Typographers/Designers pay attention to all sorts of minor text details that the average person just cannot be bothered to care about. Like, a reader might have a sense that something feels “off” on the page, but they probably won’t quite know what it is. Or, if they do notice it, they’ll just go, “Huh, that’s funny,” and move on. With everything going digital now though, and having variable page sizes and such, there’s a bit less control for things like that for web & mobile stuff. It’s only print people that probably have to worry about that now.

The copywriters in my company stare at a landing page for hours and fix little word flow details.

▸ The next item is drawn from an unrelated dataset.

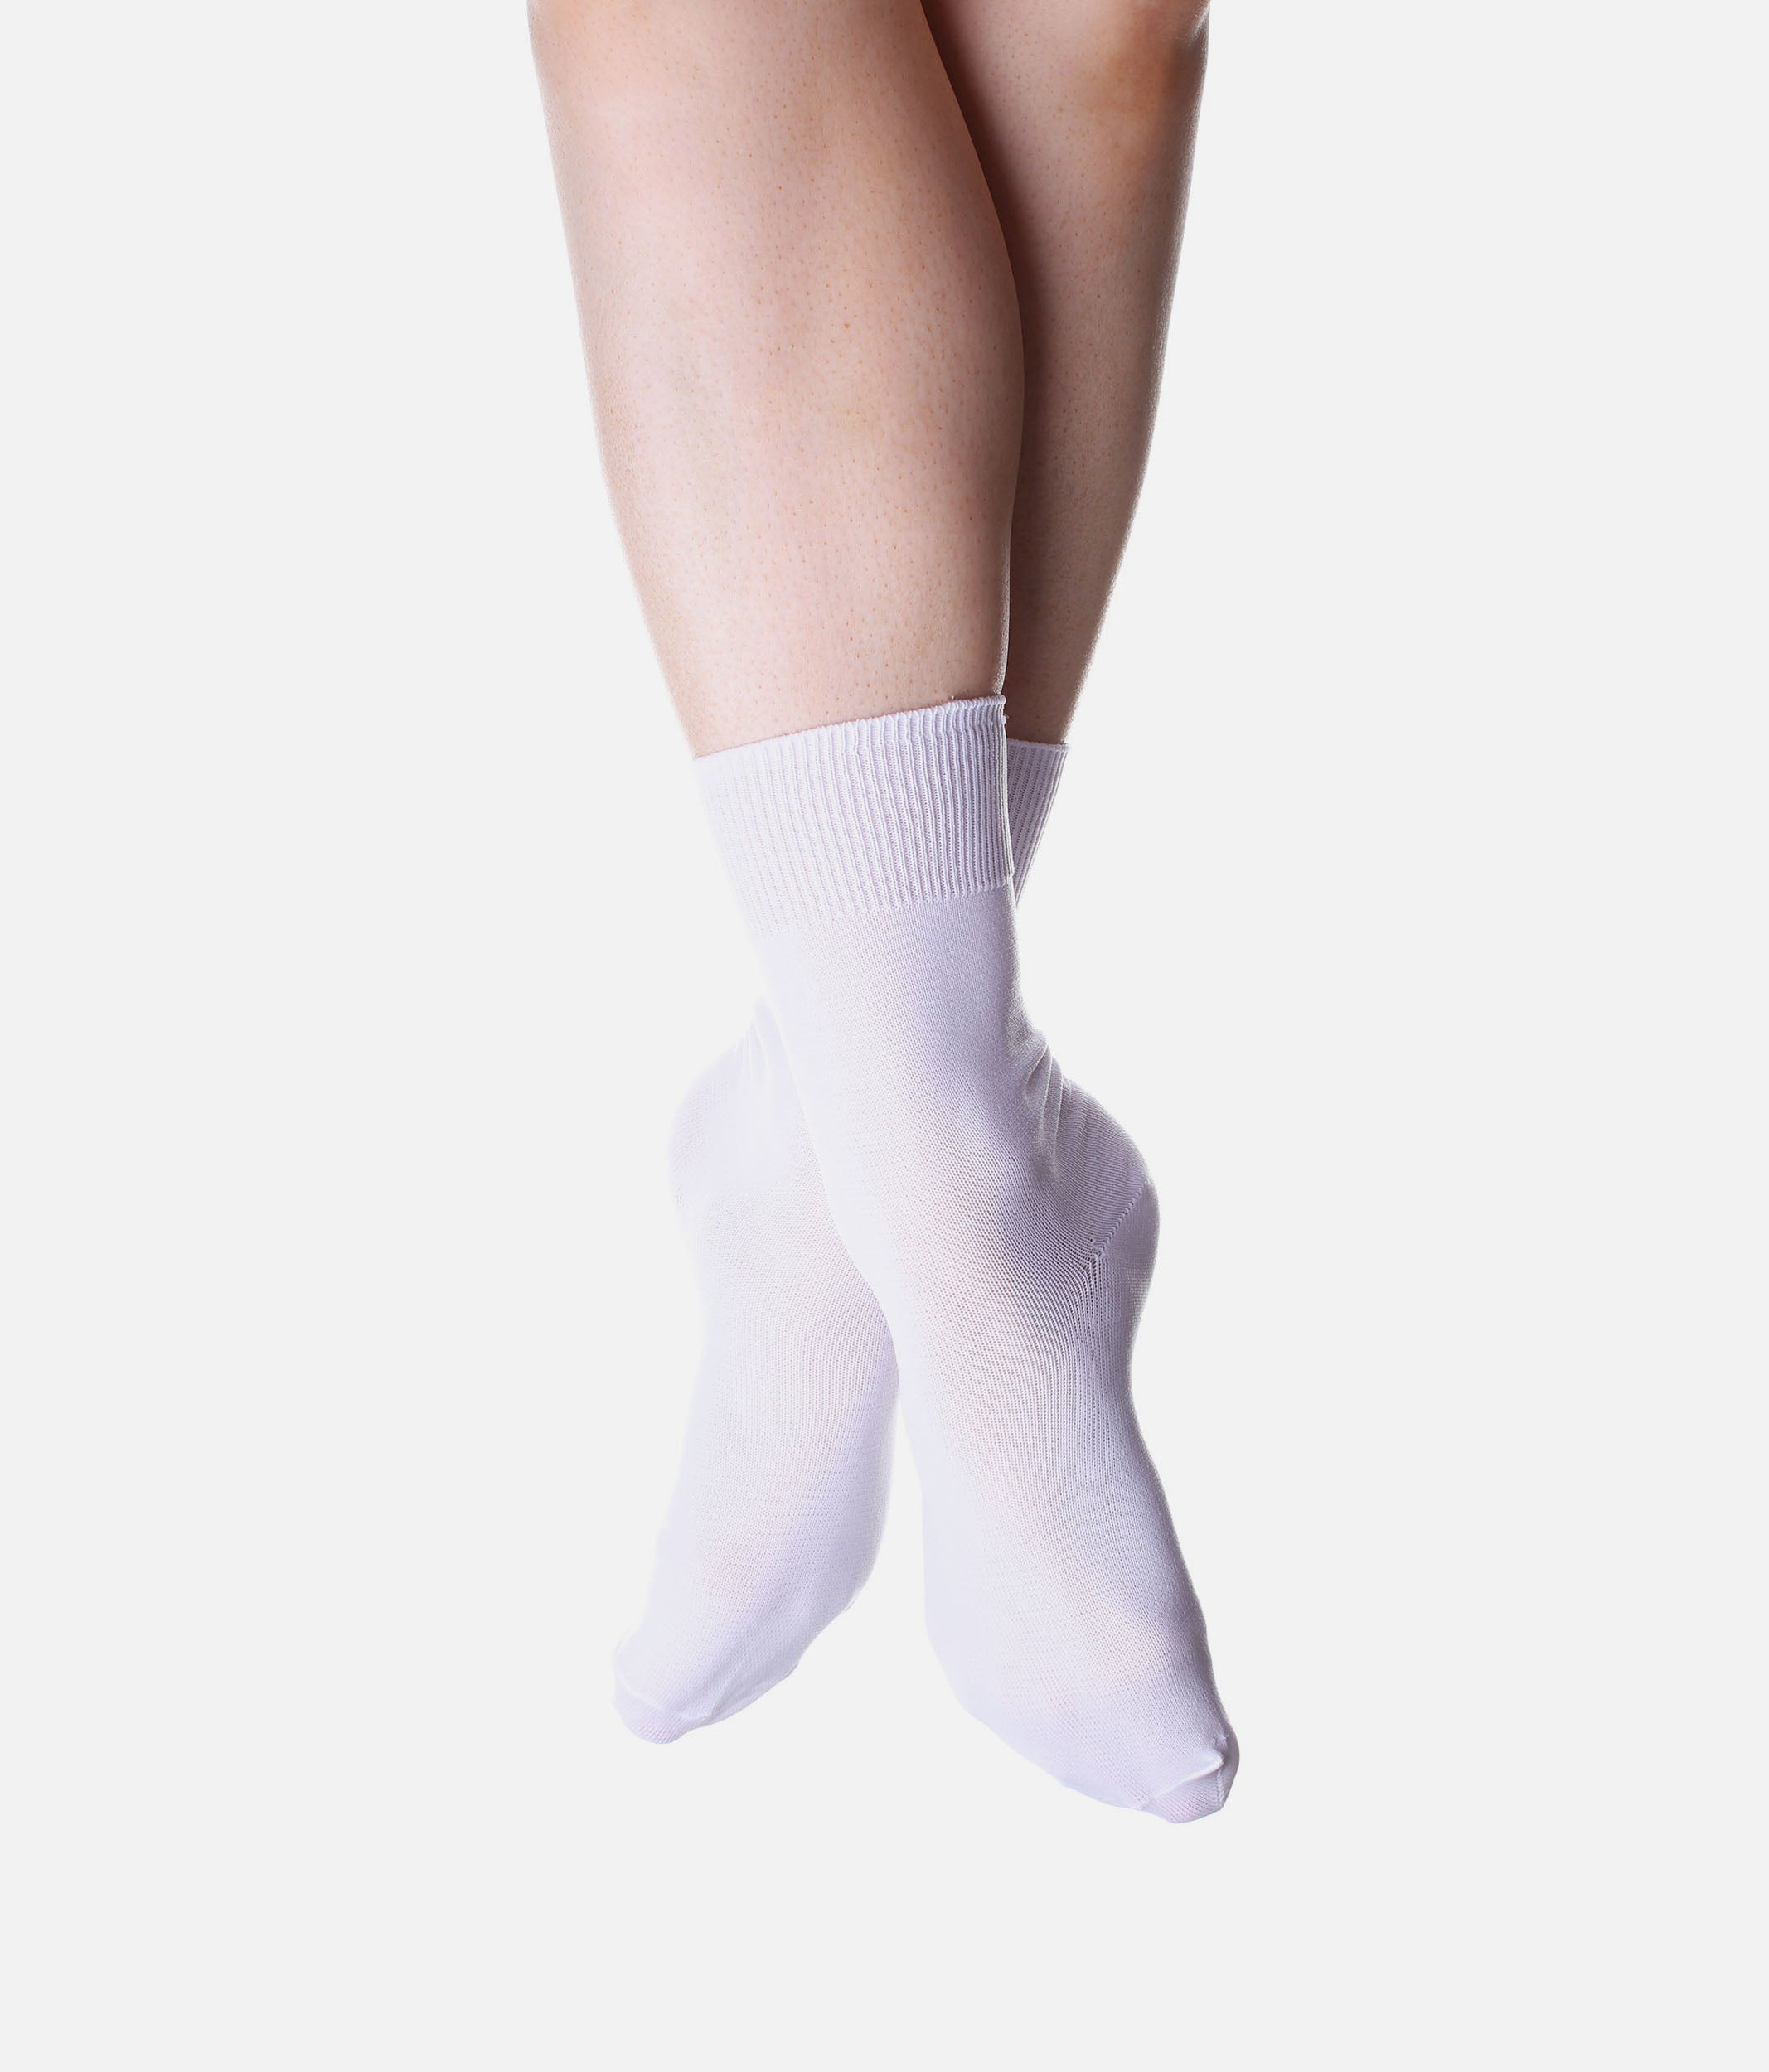 Irish Ankle Poodle Socks - Neverland Emporium

I remember having to explain responsive design, since words can break on screen size. The old editors who worked on magazines were kind of annoyed. But fortunately, we have better css tools like clamp, and word break to control word flow. But honestly its easier to teach the copywriter how tech works.

[–] thesystemisdown@lemmy.world 6 points 6 months ago* (last edited 6 months ago)

Rivers caused by justified text are bad for those with dyslexia and present a website accessibility issue. Good developers avoid allowing users the option.

[–] Juice@lemmy.dbzer0.com 2 points 6 months ago

The thing that normal people don't worry about is "readability." Bad type is harder to read, for example rivers are distracting. Turning black marks on paper into concept, metaphor, irony, narrative, setting should be as painless of a process as possible so that the most people possible have access to reading and information. Little details like letter and word spacing, font, typeface add up to something that is either easy or difficult to read.

[–] cdbsk@lemmy.world 7 points 6 months ago

I would always squint my eyes and try to see pictures in the 'rivers'

[–] shalafi@lemmy.world 5 points 6 months ago

I see this reading book on my tablet! Had no idea there was a name for it. When I'm really tired it's distracting.